Misunderstandings Lead to Some Funny Ideas

My recently turned four year old has become quite the conversationalist. I enjoy hearing his explanations for things, and I have a notebook where I write down the more memorable words and phrases. For example, he must have heard somebody say 'sugar buzz,' only he calls it 'sugar bugs.' Fair enough.

That got me to thinking about my own childhood and things I heard but didn't understand as a kid. I grew up in South Texas on the Gulf Coast, and I experienced a couple of hurricanes. I was a little kid when one came along. People talked about the eye of the hurricane, and I immediately pictured an enormous eyeball floating in the middle of the storm. Creepy, right? But wait, it gets better.
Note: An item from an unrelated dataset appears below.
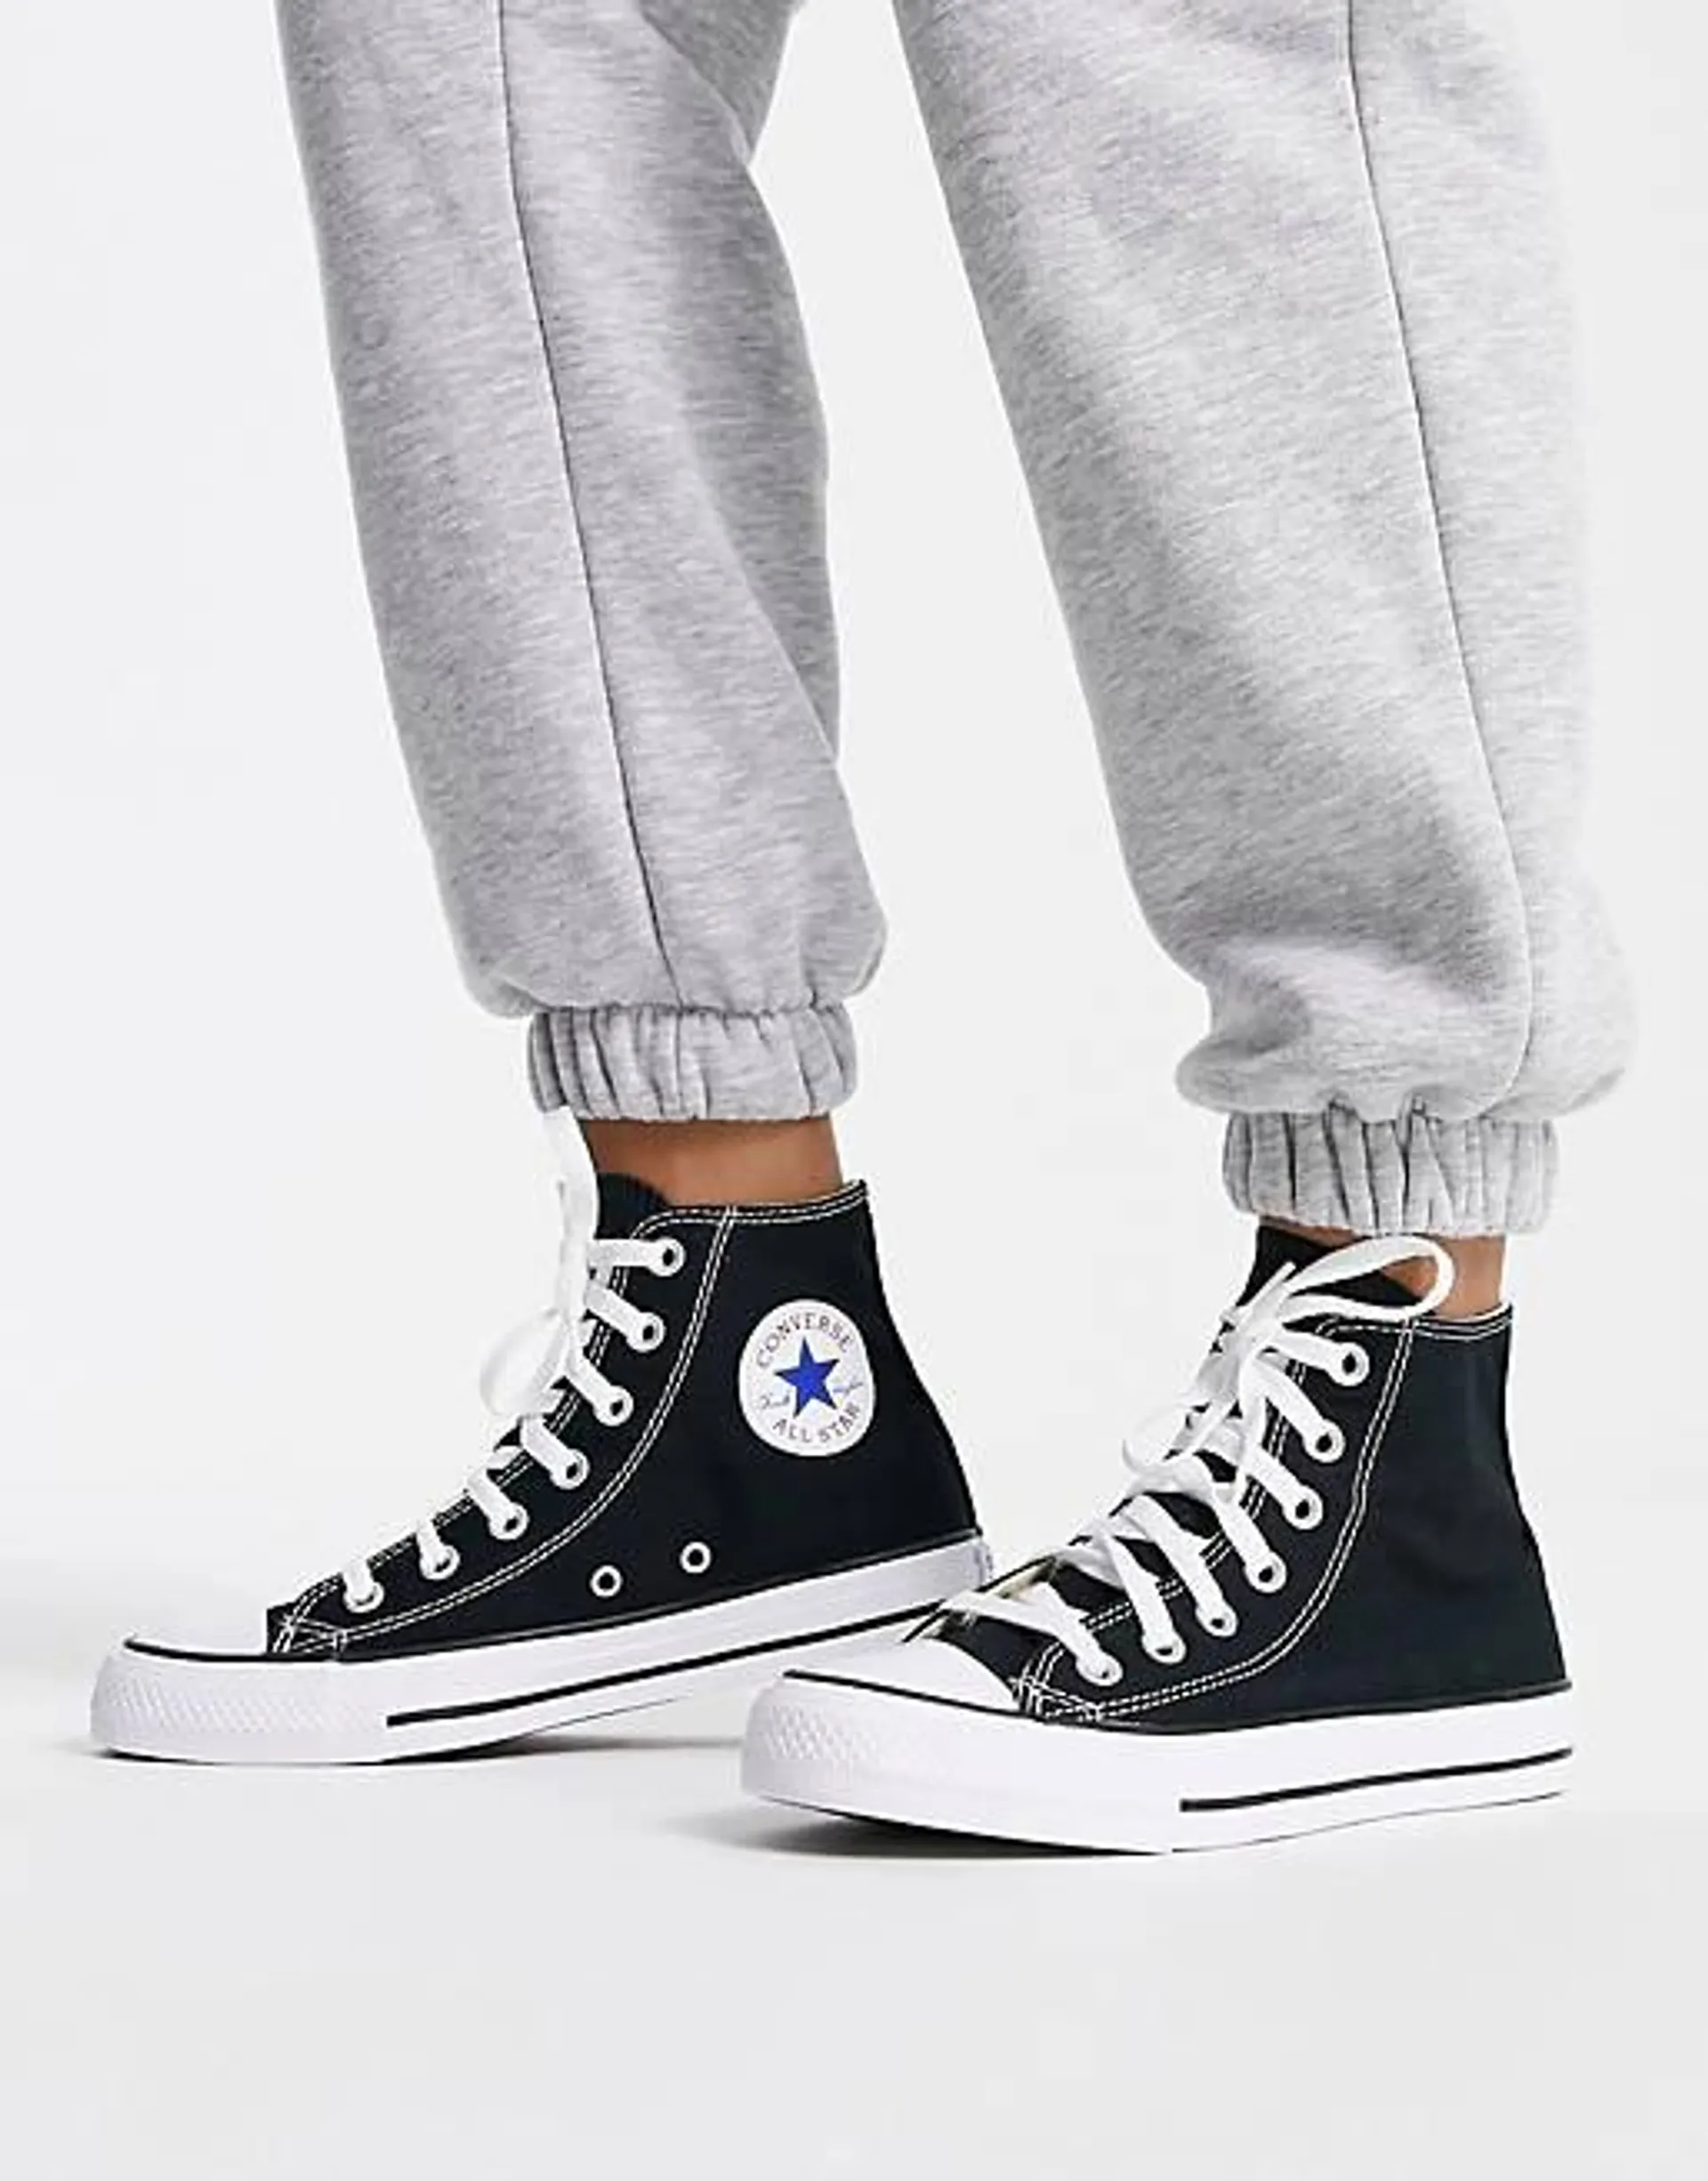 Converse Chuck Taylor All Star Hi unisex trainers in black

On the news, one of the meteorologists spoke about birds and how they get trapped in the eye of the hurricane. So then I was imagining a giant eyeball filled with grackles (because that constituted the majority of birds in the area) trapped and trying to peck their way out. Is it any wonder I have an aversion to all things eye-related?

So this hurricane hit. The windows were boarded up, so I couldn't see outside at all, but I could certainly hear the wind battering at the house. Then there was a lull in the storm, and one of my parents said the eye was passing over. Again, I picture a giant eyeball, only now it's floating in the resaca that marked the back boundary of our property, and it's filled with angry birds trying to peck their way out, and because the windows were boarded up, I couldn't see them at all, and that's actually worse than being able to see a giant eyeball filled with birds.

At some point I figured out what the eye of the hurricane actually was. Boy, I felt a little silly for thinking it was a giant eyeball, and I was simultaneously relieved that it wasn't. What are some things you misunderstood as a kid?